The passing of Duke Snider over the weekend, reminded me of my favorite baseball story. A story that took place, not between the lines, but far from the roar of the crowd.
A few years ago, I had the opportunity to spend an afternoon with Don Newcombe while shooting a sports show. Engrossed in his recollections of the golden age of baseball, I locked down my camera and grabbed the closest chair, occupying only the furthermost edge.
He tells a story few have ever heard.
Every year, baseball takes a day to honor Jackie Robinson. Players across the country take the field, 42 adorn the backs of their jerseys. Speeches, ceremonies and tributes echo through the cathedrals of the game. But lost in history, are the struggles Robinson faced every day off the field.

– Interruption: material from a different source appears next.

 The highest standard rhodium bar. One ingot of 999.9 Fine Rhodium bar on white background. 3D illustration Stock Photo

What’s forgotten, is Robinson, as a African-American, was not allowed to stay in the same hotel as the rest of the team, simply because of the color of his skin.
Branch Rickey, who was responsible for signing Robinson and bringing him to the big leagues and championed the desegregation of the Major Leagues, was finally driven to ask, nay, demand that Robinson be allowed to stay at the hotel during one of the Dodgers’ road trips. The hotel manager said that as long as Jackie did not use the pool, he could stay in the hotel with the rest of the team.

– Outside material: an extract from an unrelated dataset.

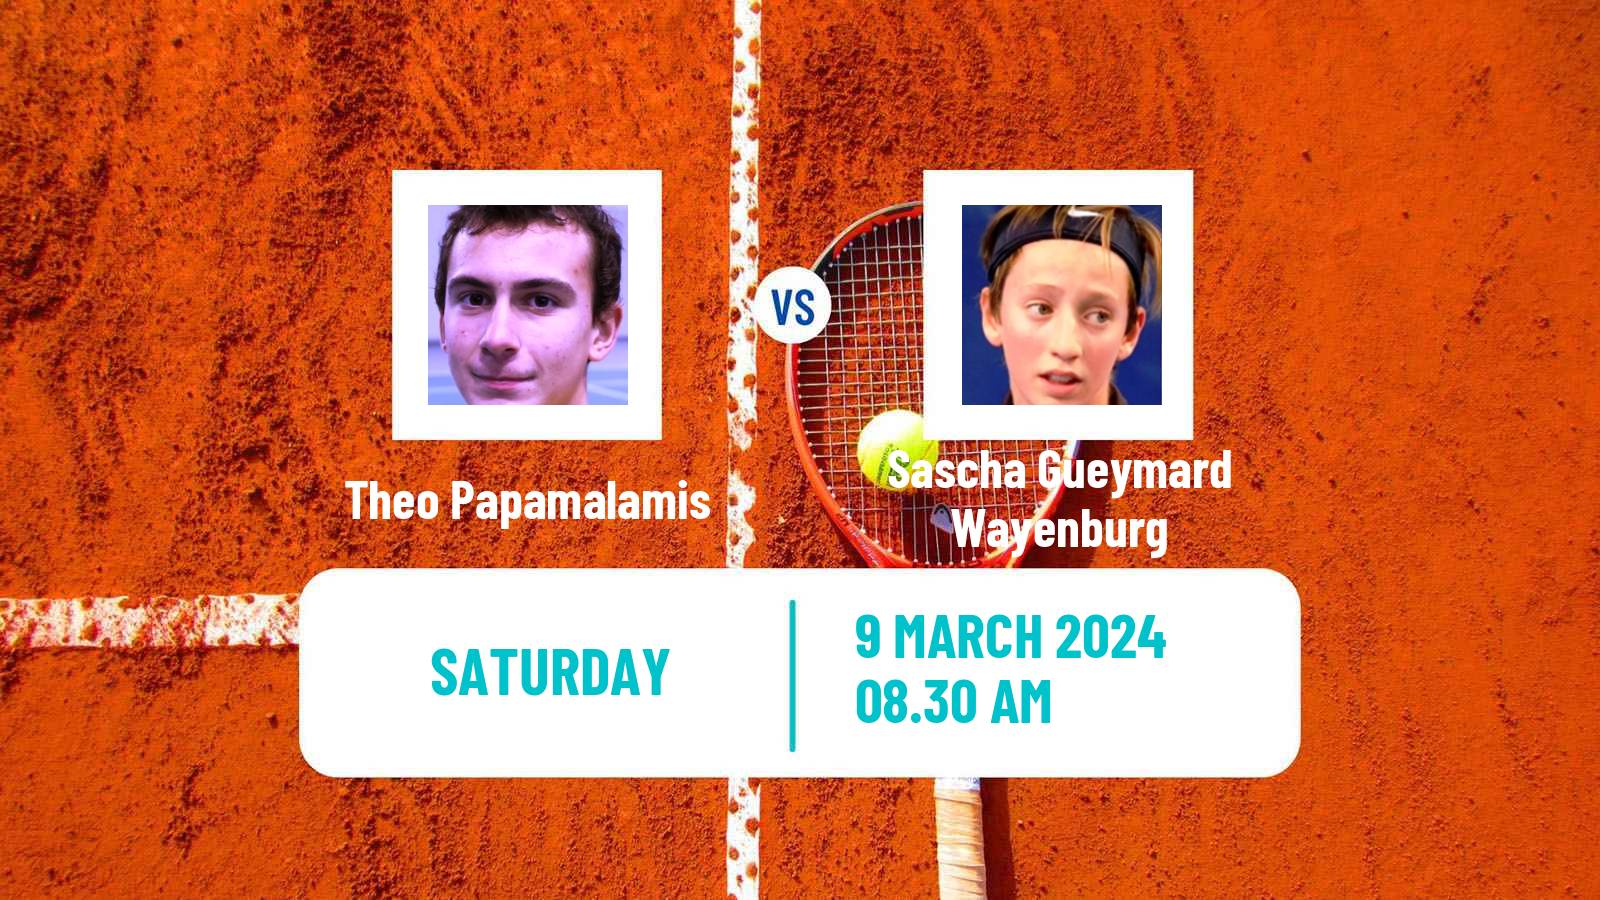 Tennis ITF M15 Poitiers Men Theo Papamalamis - Sascha Gueymard Wayenburg

As the bus pulled up, Jackie Robinson, his close friends Pee Wee Reese and Duke Snider, were the first off the bus. As they approached the front door, Reese and Snider, a plan they had hatched amongst themselves without Robinsons knowledge, each took a stutter step, allowing Jackie Robinson, a black man, in an era where such things just simply did not happen, to walk through the front door of the hotel, ahead of his team.
Simply the best baseball story I’ve ever heard.